Nar kabuğu özü içeren pastillerin Covid-19 varyant virüslerinde de aktif olduğu kanıtlandı

Okulların açılmasıyla salgınla mücadelenin daha da önem kazandığı bu günlerde bitkisel destek ürünleri de velilerin alması gereken önlemler arasında yer alıyor. Ancak ürünlerin güvenilirliğine ve içeriğine dikkat etmek gerekiyor.

Türkiye’nin önde gelen bilim kuruluşunun Ağustos 2021’de başlattığı bir çalışmada, nar kabuğu özü, zencefil ve zerdeçal içeren bitkisel formüllü pastillerin Covid-19 ve türevlerine karşı aktif olduğu tespit edildi.

Yeditepe Üniversitesi Farmakoloji Fakültesi Farmakognozi ve Fitoterapi Anabilim Dalı Başkanı Prof. Dr. Erdem Yeşilada, Prof. Dr. Dilek Arman, Enfeksiyon Hastalıkları ve Klinik Mikrobiyoloji Doktoru ve Dr. Kübra Cenkçi , bir çocuk doktoru, çalışmanın bulgularını aktardı ve halk sağlığı ve koruyucu önlemler hakkında önemli bilgiler paylaştı.

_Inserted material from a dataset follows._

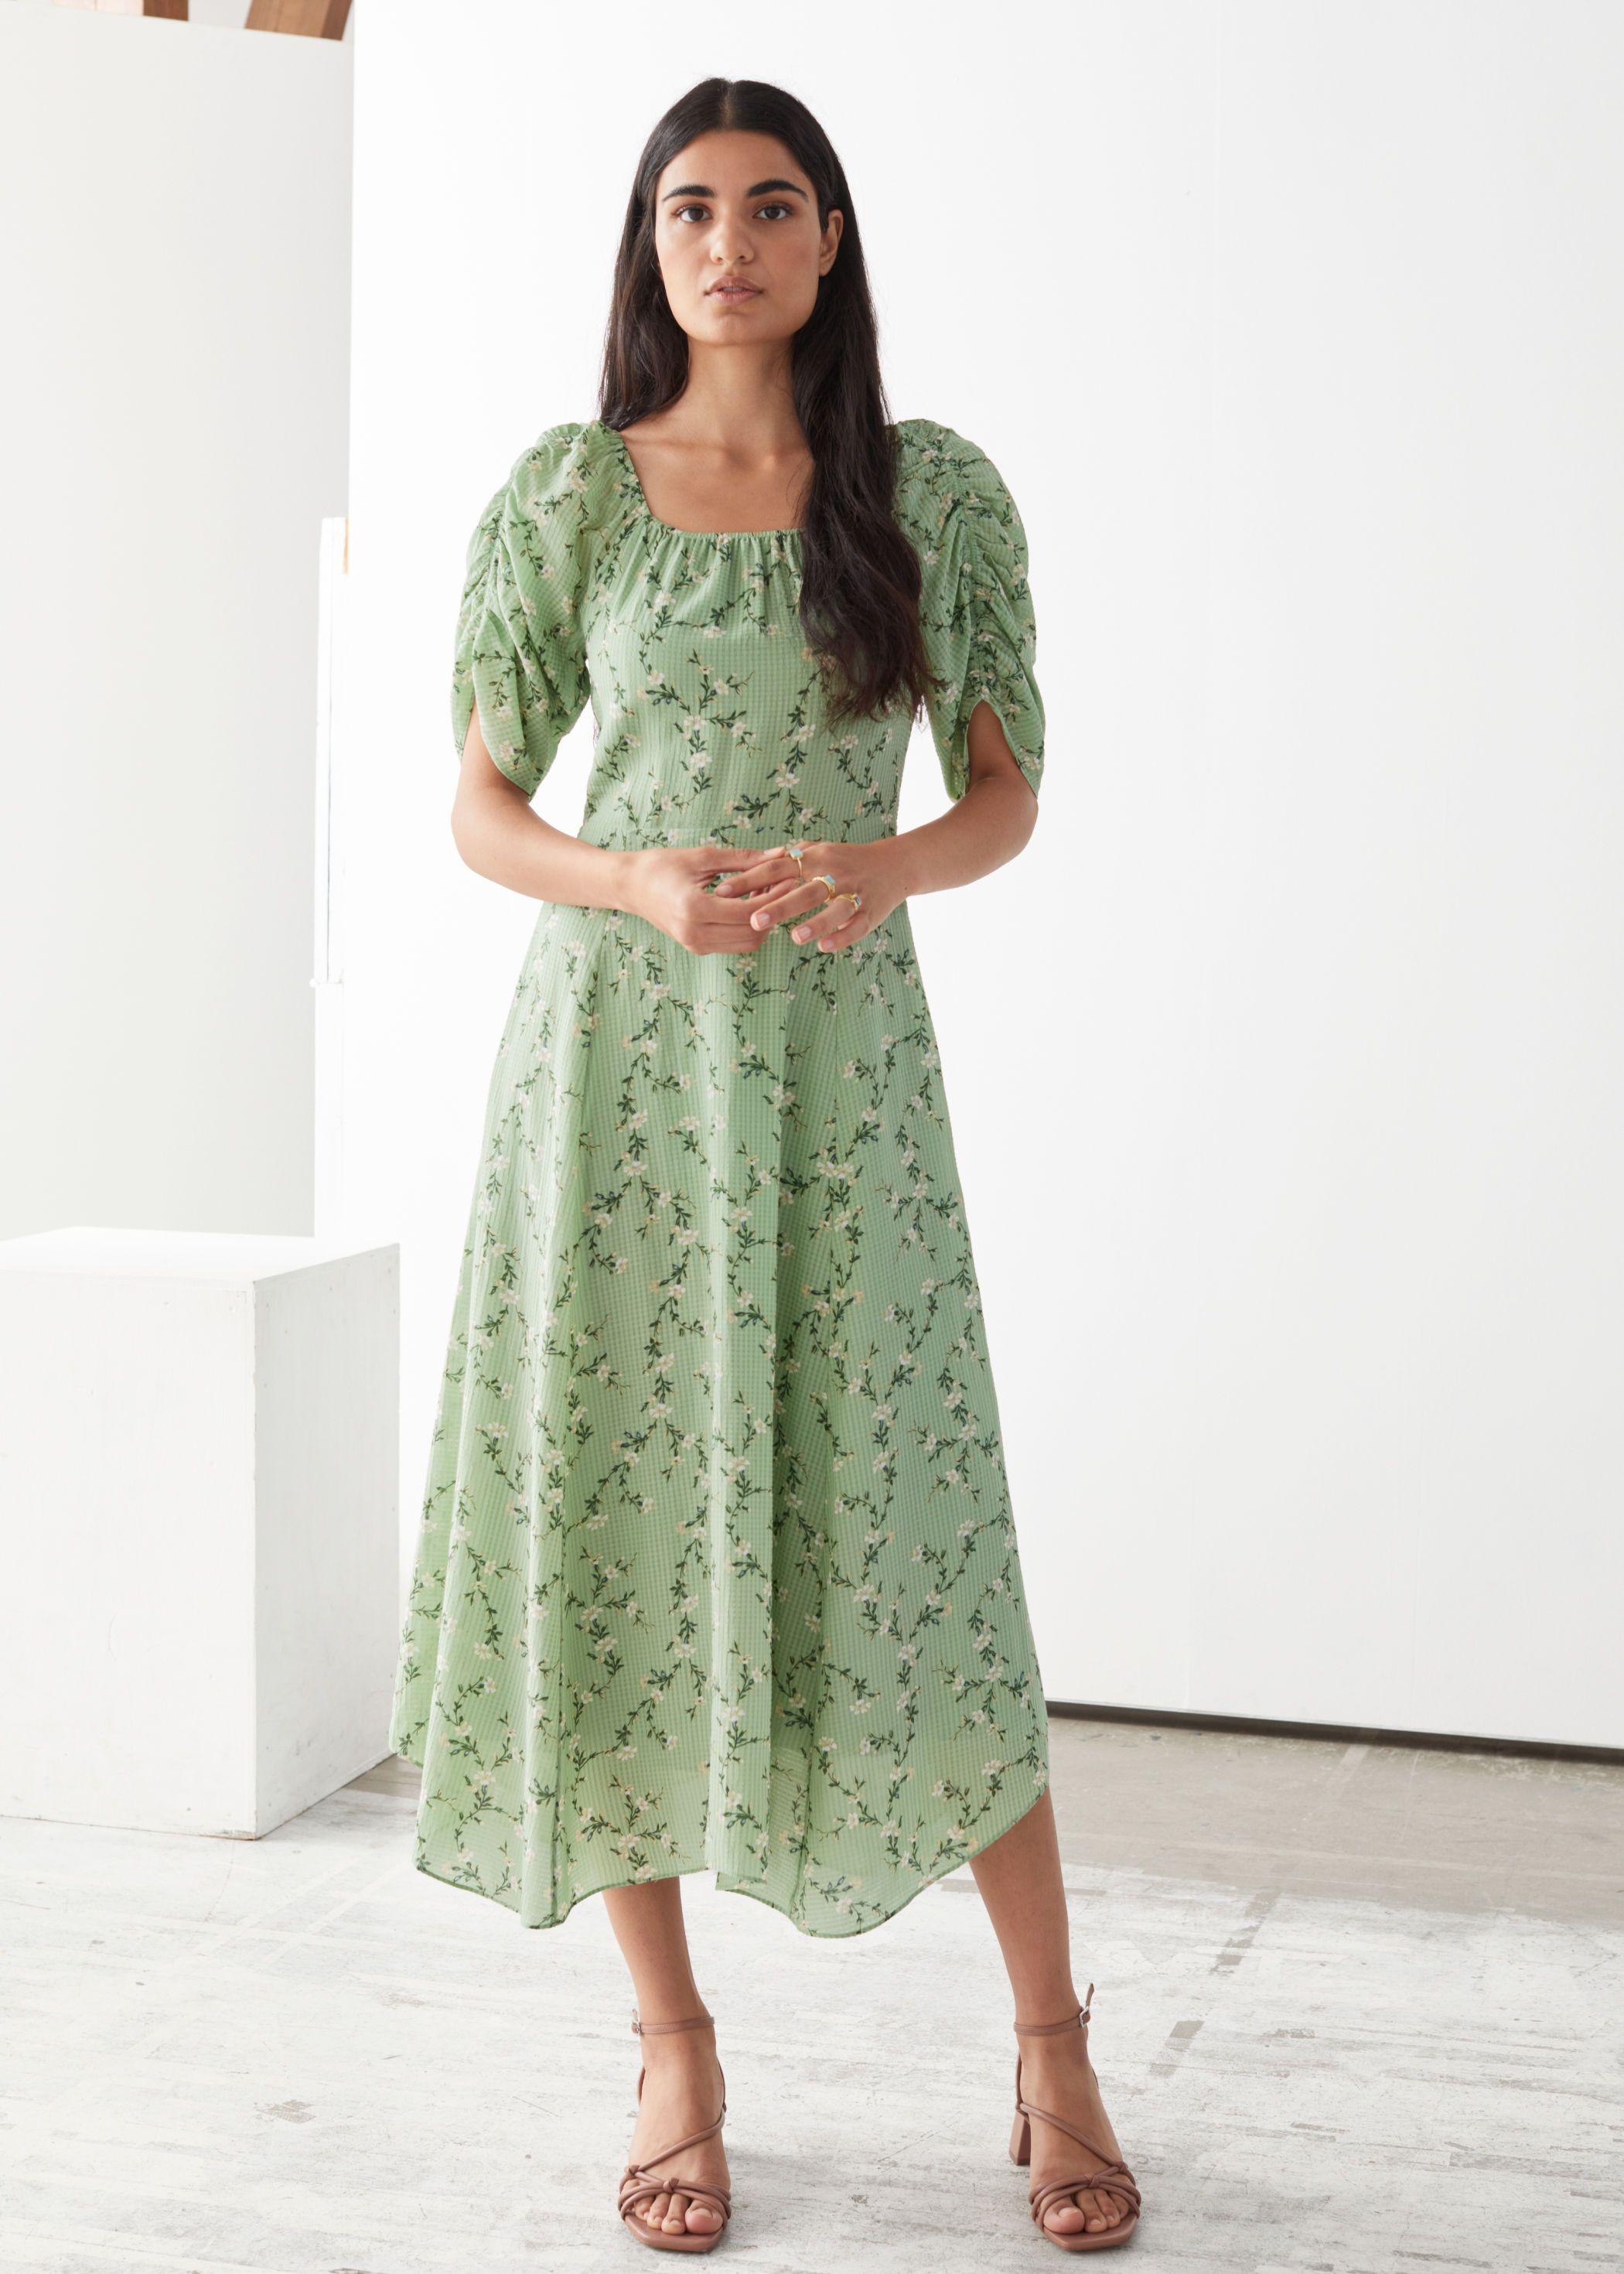 Rouched Sleeve Midi Dress Midi Dress With Sleeves Fashion Tops Blouse Midi Dress [ 2940 x 2100 Pixel ]

Yüz yüze eğitimin yeniden başlamasıyla birlikte pandemi ile mücadelenin devam ettiği bu günlerde çocukları korumaya yönelik tedbirler her ebeveynin bir numaralı gündem maddesi haline geldi. Bilimsel kanıtlara dayalı doğal besin takviyelerinin yanı sıra henüz aşılanmamış 12 yaş altı çocuklar için maske, mesafe ve hijyen önlemlerinin önemi uzmanlar tarafından sıklıkla vurgulanıyor.

Türkiye’nin önde gelen bilim kuruluşu, yaptığı araştırma sonucunda nar kabuğu özü içeren pastillerin başta Covid-19 olmak üzere MERS ve SARS gibi virüsleri yok ettiğini doğruladı. Son olarak nar kabuğu özütü, zencefil ve zerdeçal içeren formülün koronavirüs varyantları üzerindeki etkinliği de araştırıldı.

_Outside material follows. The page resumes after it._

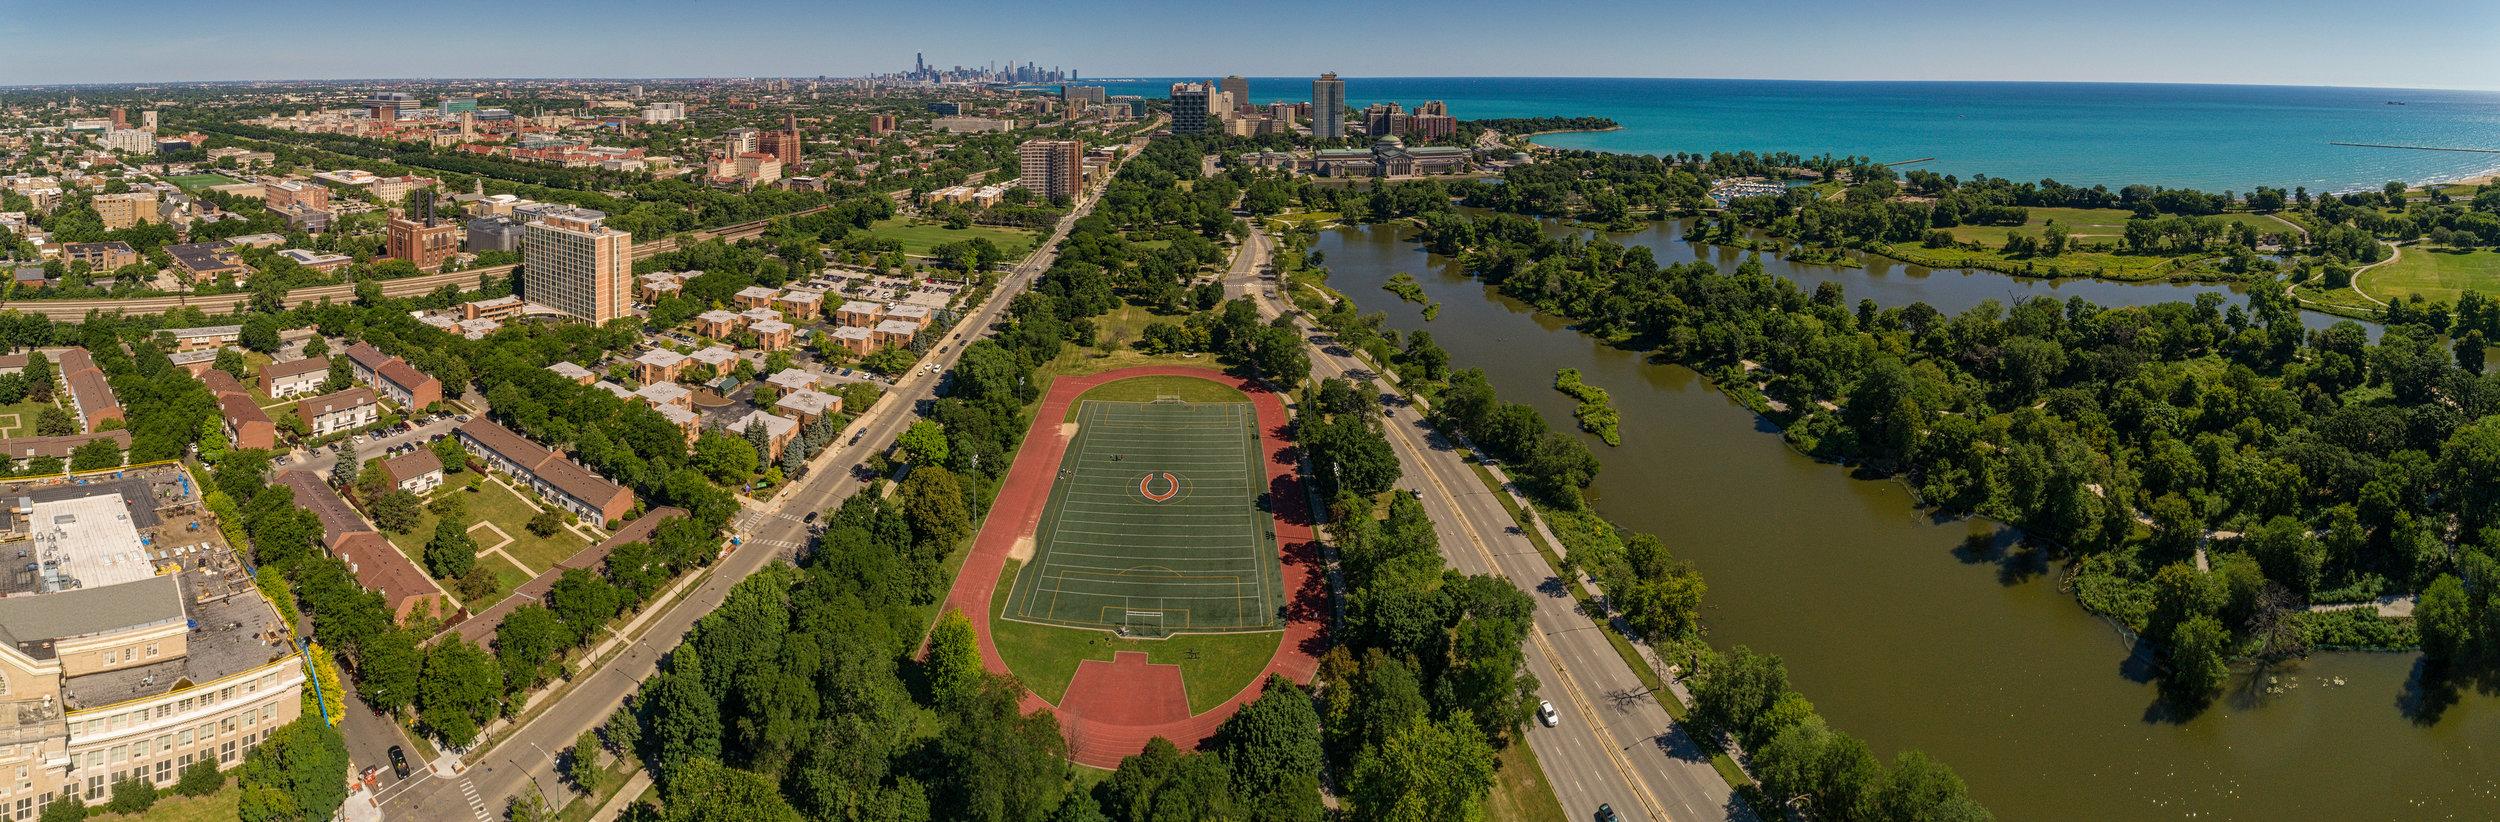 Jackson Park, Chicago

Geçtiğimiz ay tamamlanan UK varyantı üzerinde yapılan çalışmada, Türkiye’de laboratuvarda araştırılan nar kabuğu ekstresi, zerdeçal ve zencefil içeren formüle edilmiş ağızda çözünür ürünün virüsün hücreye girmesini engellediği gözlemlendi. . Son olarak, ürün destekleyici bir tedavi olarak Hindistan’daki hastalar üzerinde test edildi. Yapılan araştırmalar nar kabuğu özü içeren bitkisel formülün Covid-19 varyantlarına karşı da aktif olduğunu göstermiştir.

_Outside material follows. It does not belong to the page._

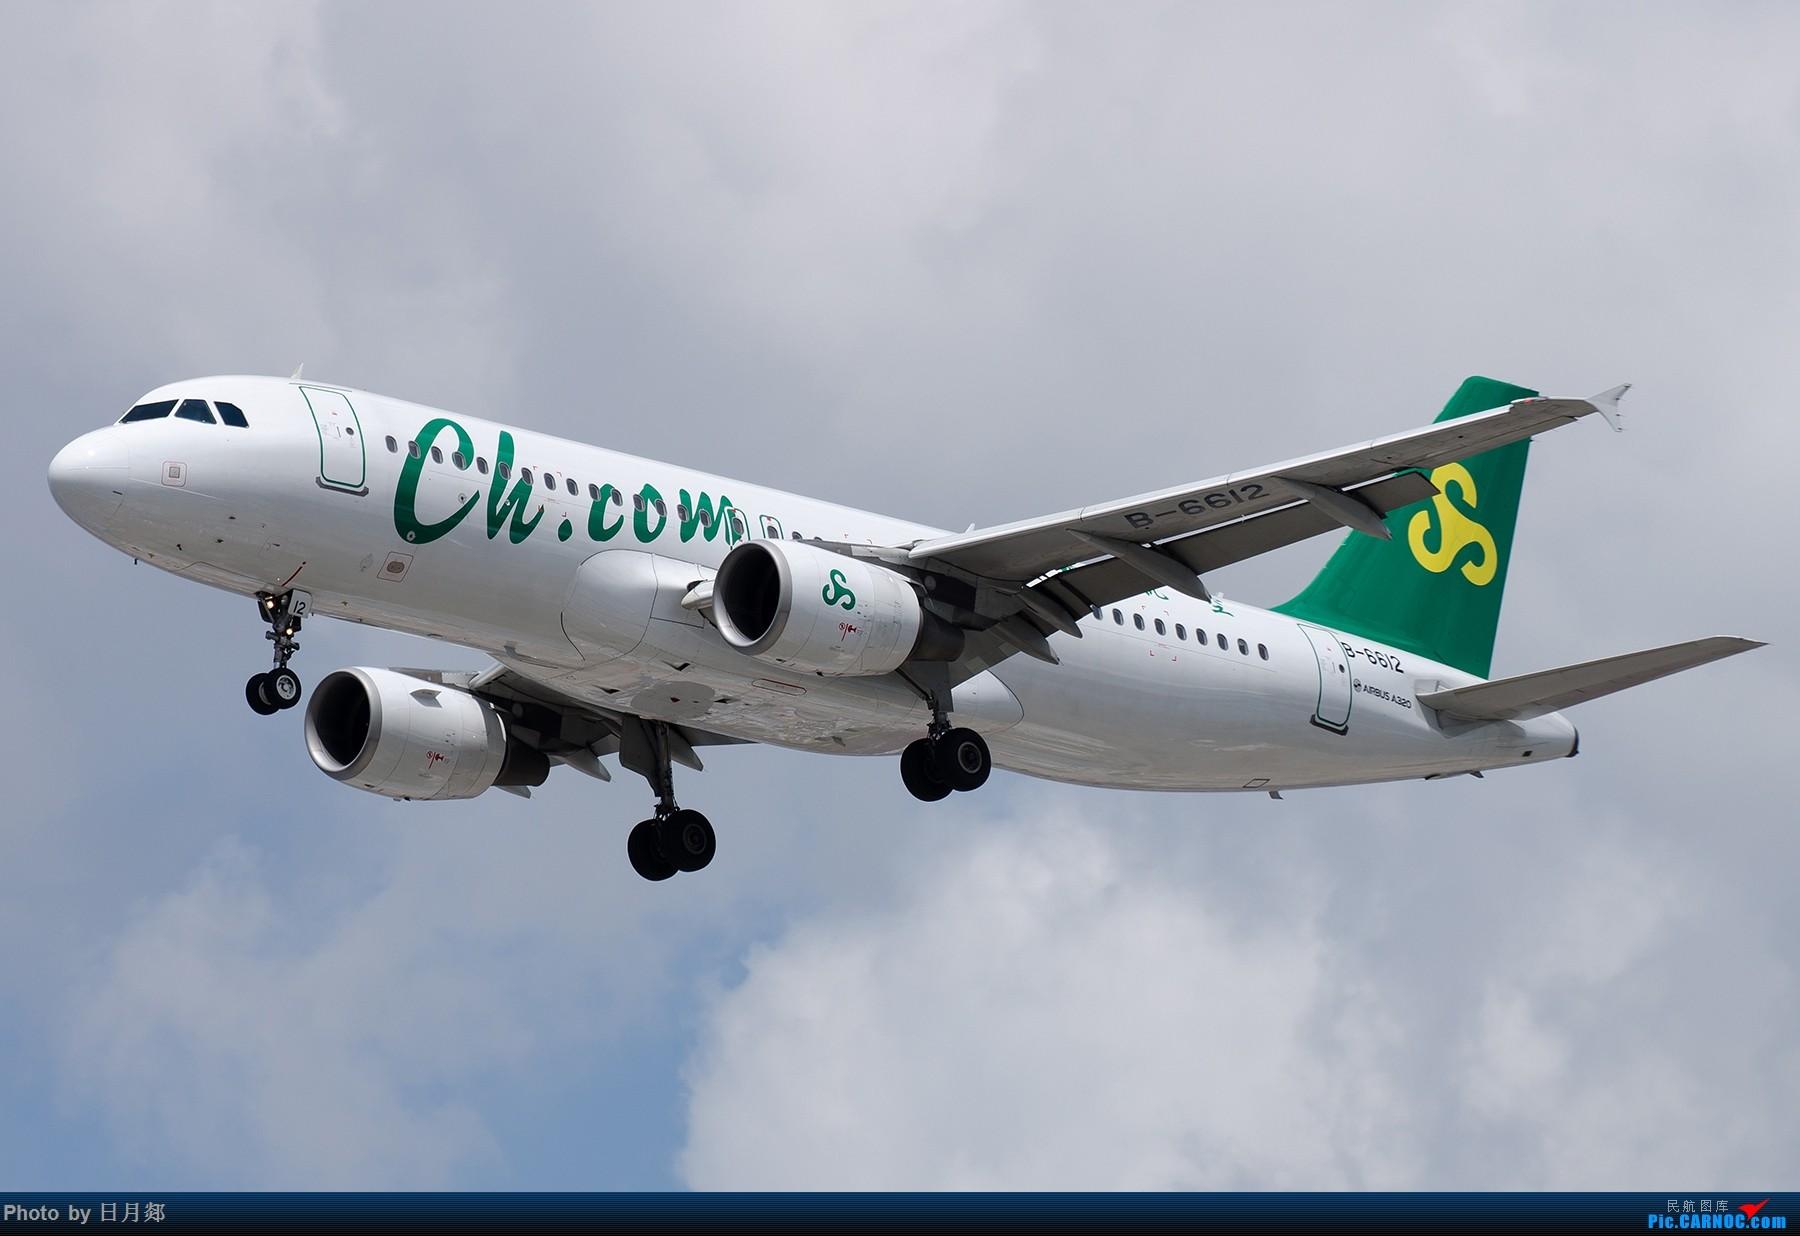 Re:[原创]【SHA拍机*1800大图】图要抓紧发,不然就要炒冷饭,大头镇贴 AIRBUS A320-200 B-6612 中国上海虹桥国际机场

Bitkisel Formüller Virüsün İngiliz Varyantına Karşı da Aktiftir

Yeditepe Üniversitesi Eczacılık Fakültesi Farmakognozi ve Fitoterapi Anabilim Dalı Başkanı Prof. Dr. Erdem Yeşilada, şunları kaydetti:

İlk çalışmada bildiğimiz koronavirüs üzerindeki etkinliği araştırıldı. Burada belirli seyreltme durumunda aktif olduğu 120 saatlik ölçüm süresi içerisinde 42 saat boyunca koronavirüs gelişimini engellediği gözlemlendi. Ancak virüs mutasyona uğramaya devam ediyor ve bu sefer İngiltere varyantı üzerinde çalışıldı ve aynı etki orada da görüldü. Ağızda kullanıldığında virüsün hücre içine girmesini engelleyebilecektir. Çünkü virüsün giriş kapısı ağzımız ve burnumuzdur. Bu nedenle maske kullanımına önem veriyoruz. Virüs hücreye girdiğinde kendini dağıtır ve yeni virüsler oluşur. Bunun önlenmesini sağlamalıyız. Bu nedenle ağız ve burun için bir bariyer gereklidir. Maskelerin yanı sıra en etkili ajanların bitkisel ürünler olduğu gösterildi.”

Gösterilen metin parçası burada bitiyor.